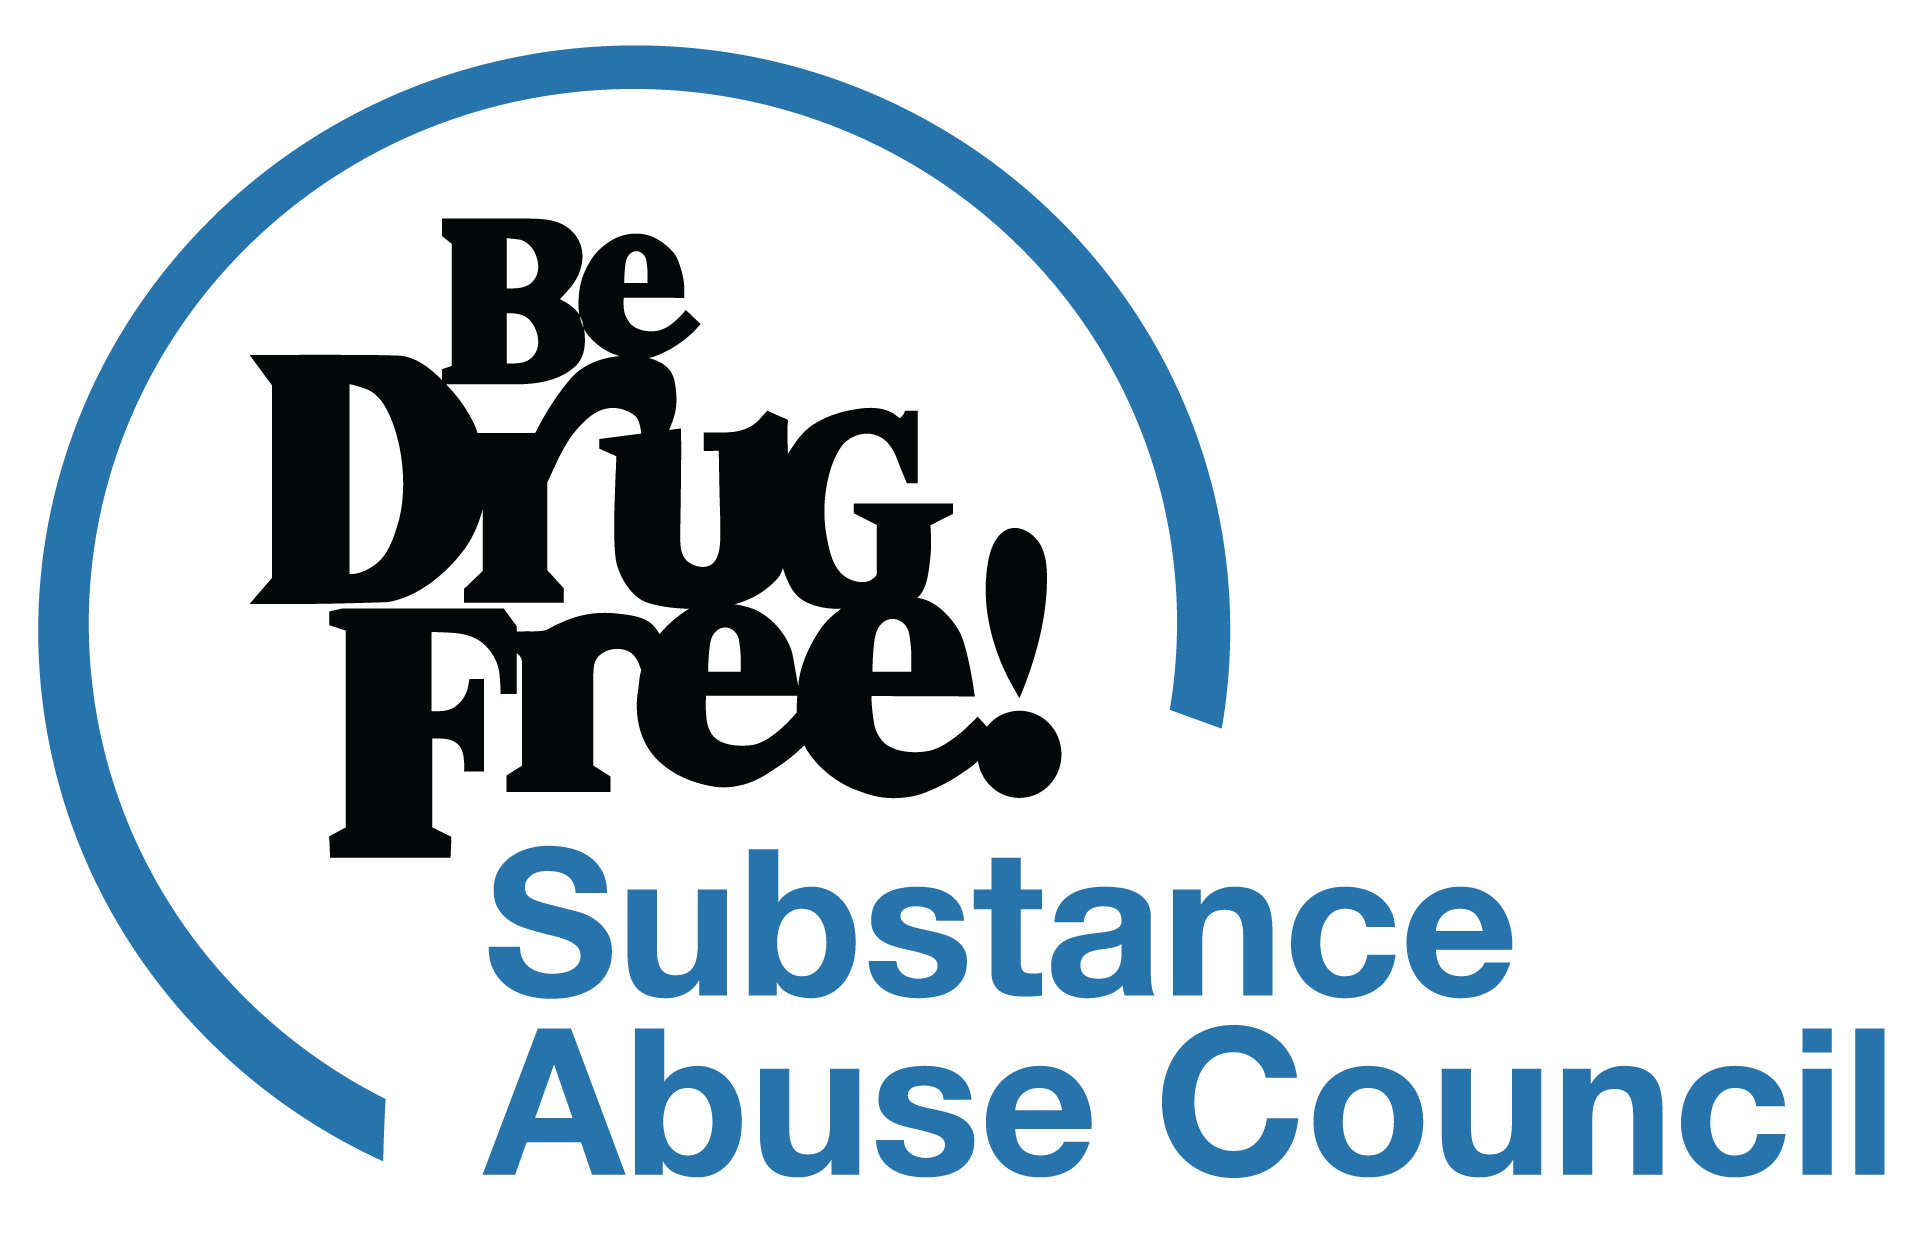 Substance Abuse Council
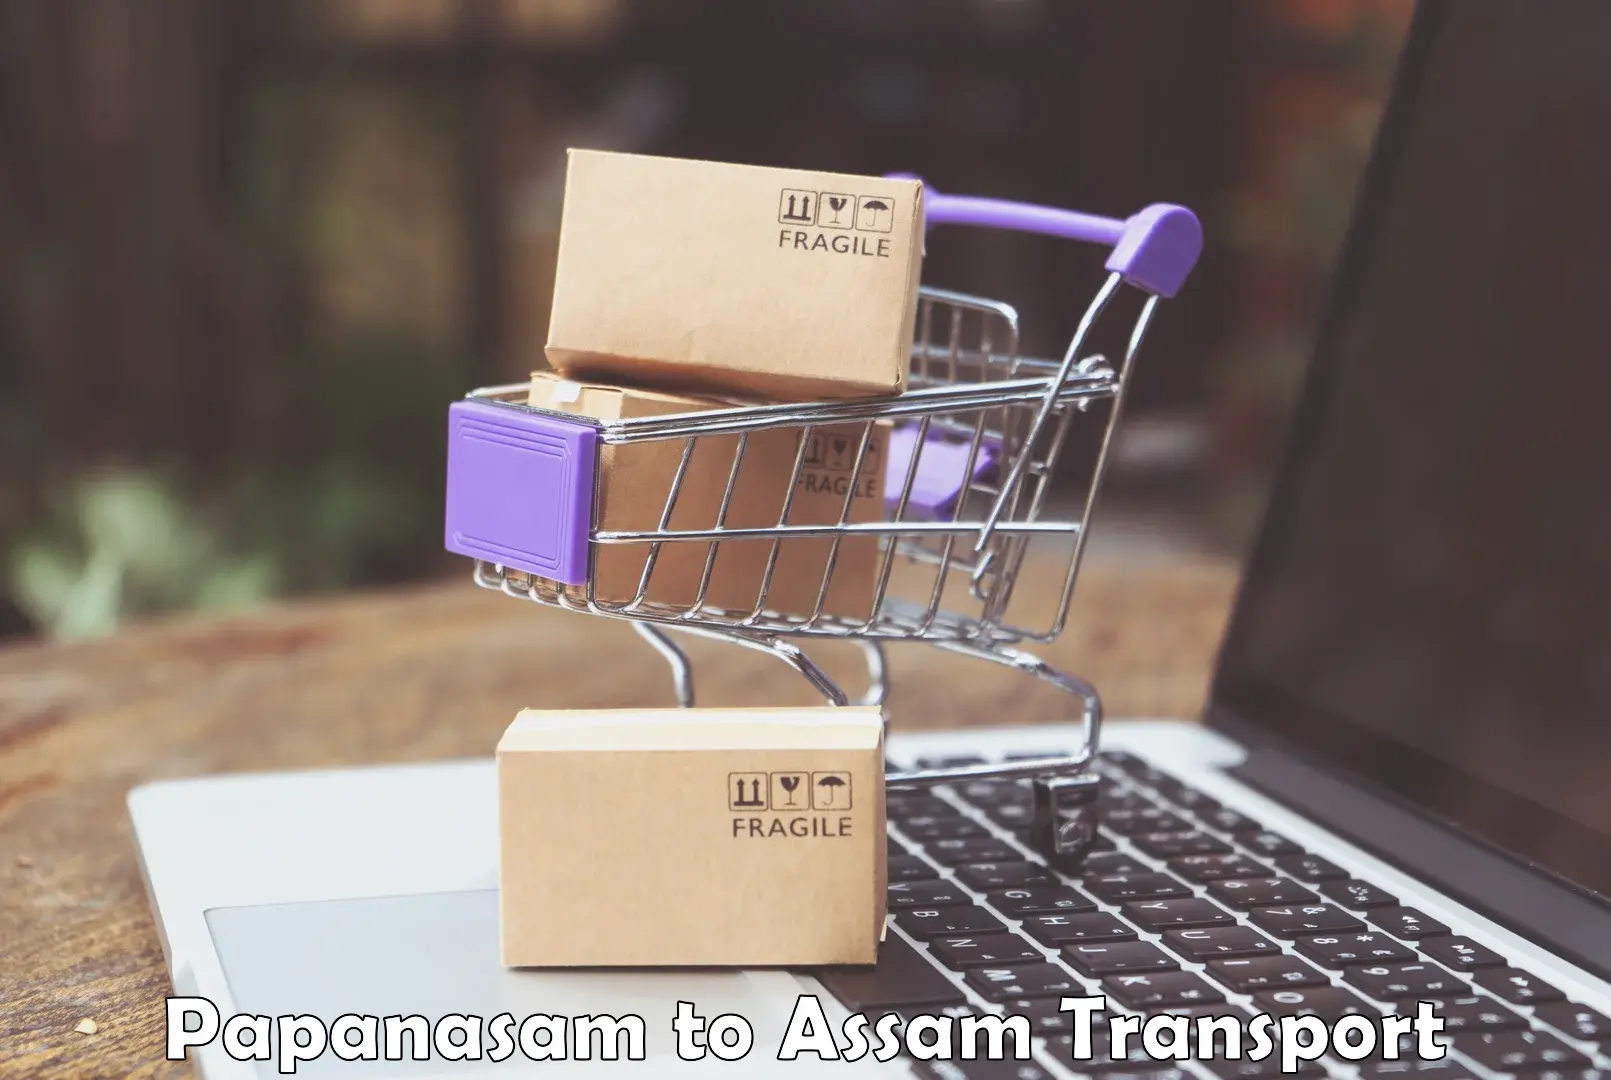 Cargo transport services in Papanasam to Assam
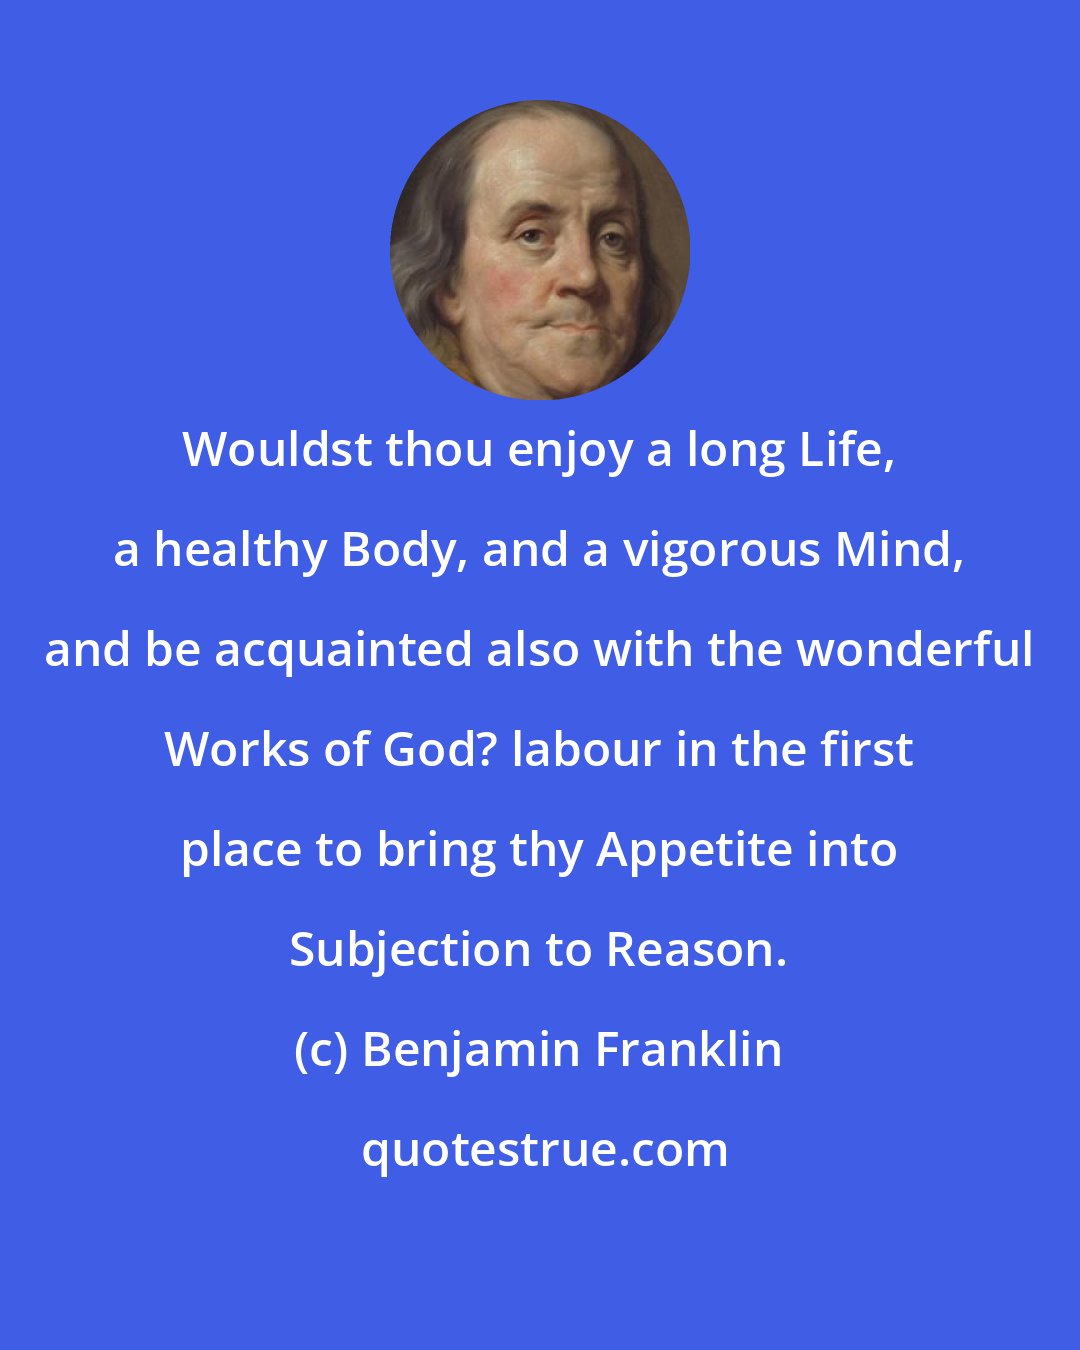 Benjamin Franklin: Wouldst thou enjoy a long Life, a healthy Body, and a vigorous Mind, and be acquainted also with the wonderful Works of God? labour in the first place to bring thy Appetite into Subjection to Reason.
━━━━━━━━━━━━━━━━━━━━
_WORK REQUEST:_ Recreate the listing above word for word, dropping each picture it contains.

_EXERCISE ANSWER:_
 Substance Abuse Council
 Cargo transport services in Papanasam to Assam
 Benjamin Franklin: Wouldst thou enjoy a long Life, a healthy Body, and a vigorous Mind, and be acquainted also with the wonderful Works of God? labour in the first place to bring thy Appetite into Subjection to Reason.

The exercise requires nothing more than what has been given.